O’Mareen Spence, MPH
Early Symptom Improvement as a Predictor of Antidepressant Response in Youth Diagnosed with Depression: Translating Evidence from Randomized Controlled Trials to Community Practice
Over half of children and adolescents diagnosed with depression do not respond to an antidepressant. A critical barrier to improving treatment response is that the translation of clinical trial evidence into population outcomes is lacking. Rich data from pediatric antidepressant randomized clinical trials (RCT) are underutilized to predict response in pediatric outpatient settings. This research applies a Bayesian approach to pediatric antidepressant RCT data to investigate symptom changes early in treatment that predict initial and sustained response among children and adolescents diagnosed with depression. Combined-sample multiple imputation is implemented to impute symptom change measures in outpatient data. The prediction model from the RCT data is then applied to community outpatient data for a pediatric cohort with depression. In the outpatient data, this project will test whether a youth with a high probability of response is less likely to augment the antidepressant with another psychotropic. Here, treatment augmentation is a proxy for treatment non- response. The ultimate goal is to translate response prediction from RCTs to community practice for more effective depression management in pediatric populations. This project will answer the question, “Who would benefit, and when, from antidepressant treatment?” The scientific impact will be advancing translational research of clinical efficacy data to population outcomes.

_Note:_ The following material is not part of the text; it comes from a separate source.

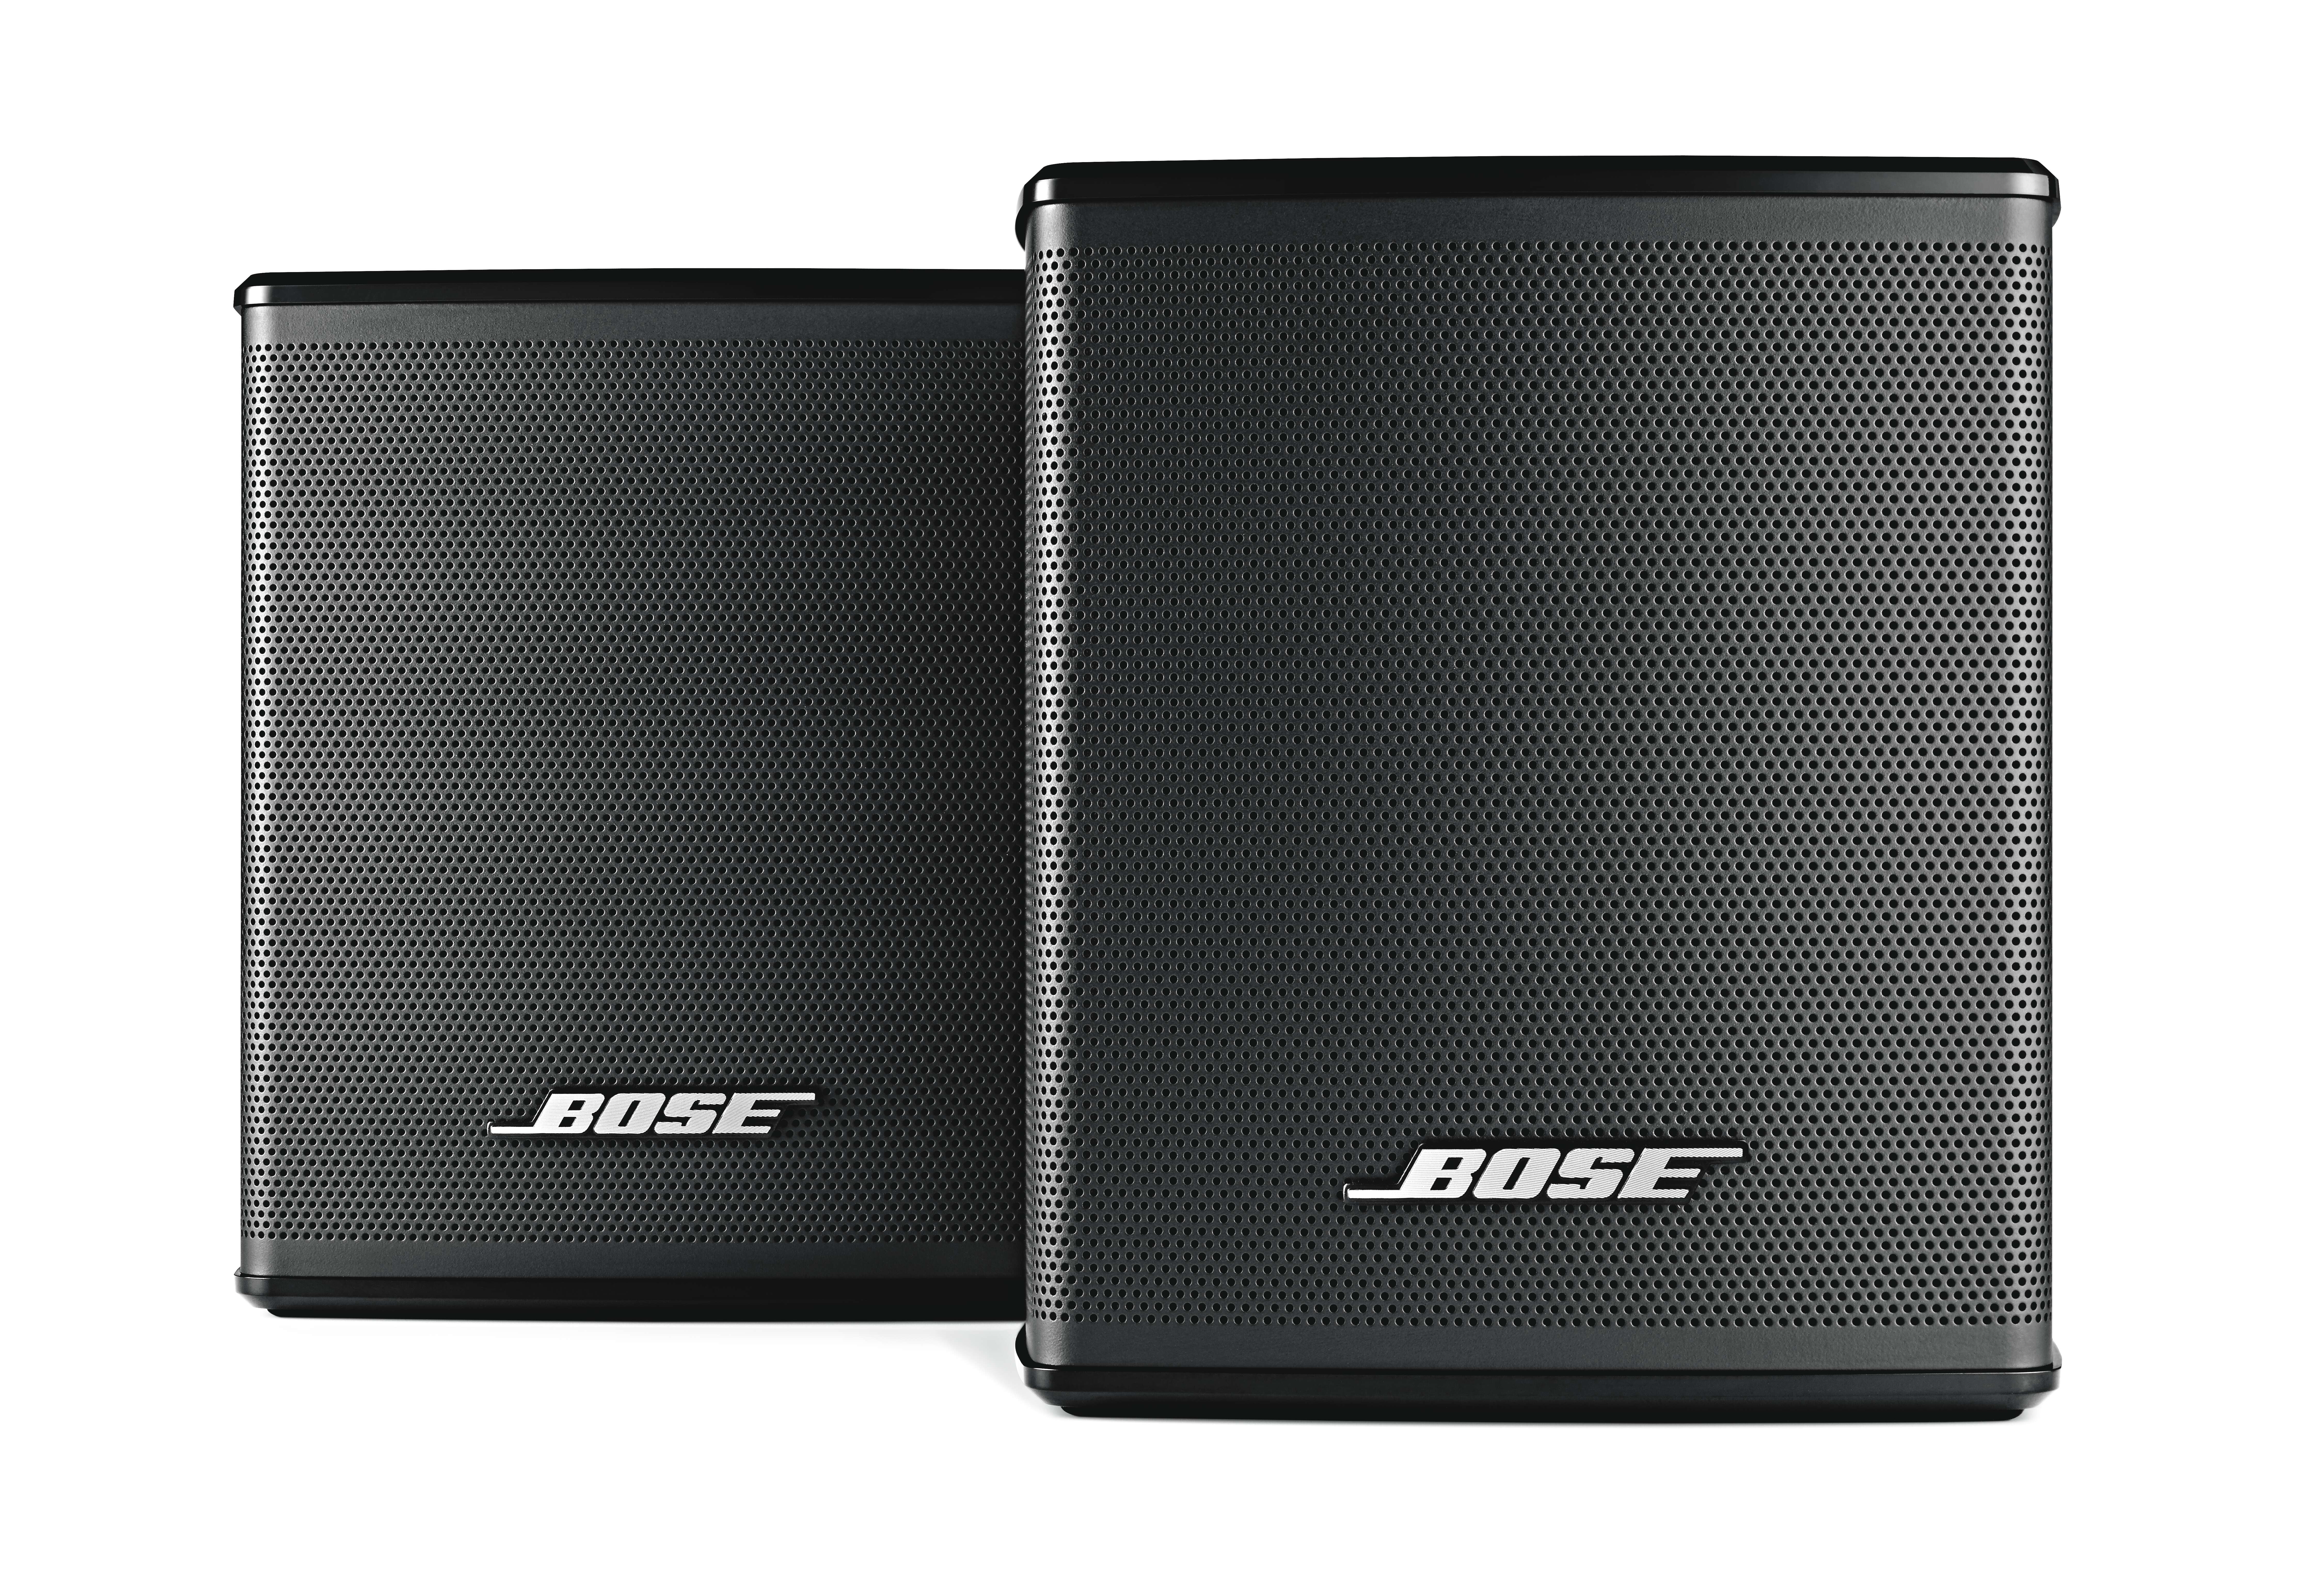 Expertise software Indringing Bose Surround Sound Rear Speakers for Bose Soundbars, Black - Walmart.com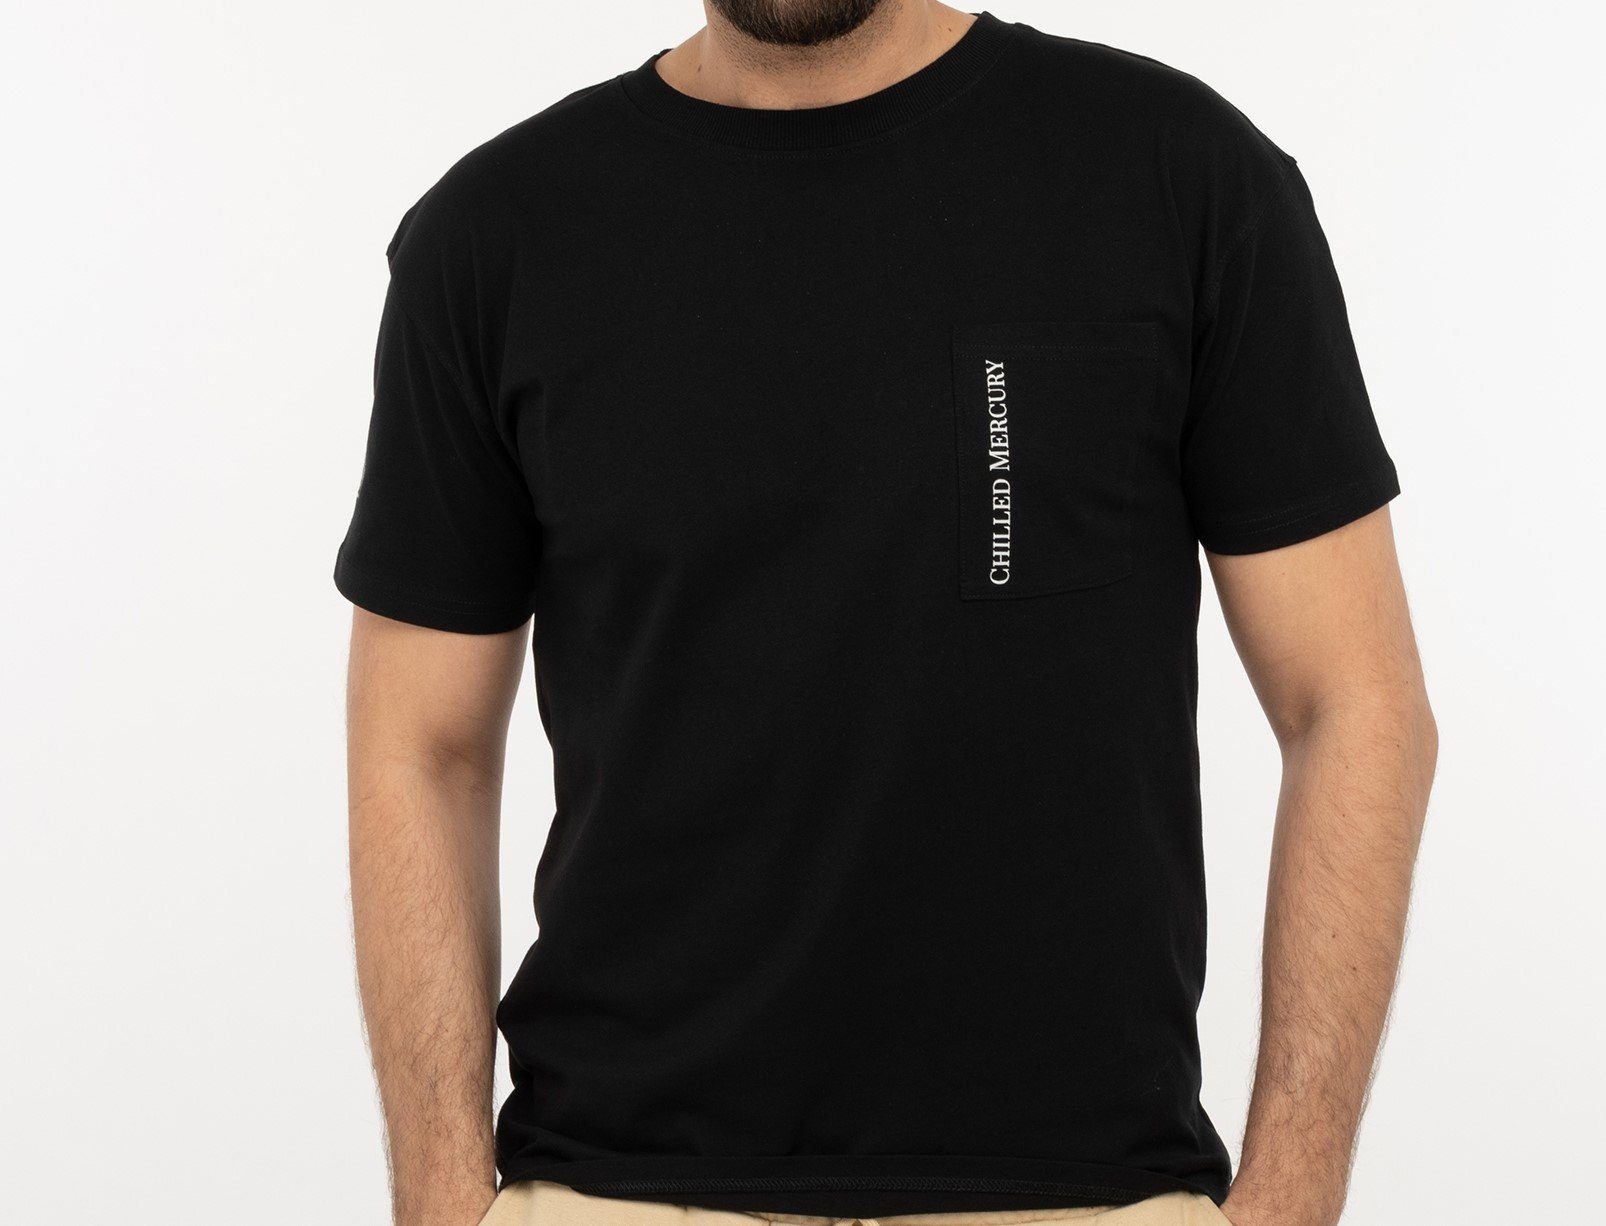 Chilled Mercury T-Shirt Baumwolle Freizeit Rundhals Shirt/ mit Brusttasche Schwarz

I am extremely grateful to the PhRMA Foundation for making its Predoctoral Fellowship in Health Outcomes available to international students, like myself, to obtain funding for their dissertation research. The support I have received as a Predoctoral Fellow has allowed me to hone my skills as an independent researcher by giving me the opportunity to focus my time on my dissertation research. The goal of which is to translate evidence obtained from randomized controlled trials to real world data in order to improve the health outcomes of youth diagnosed with depression.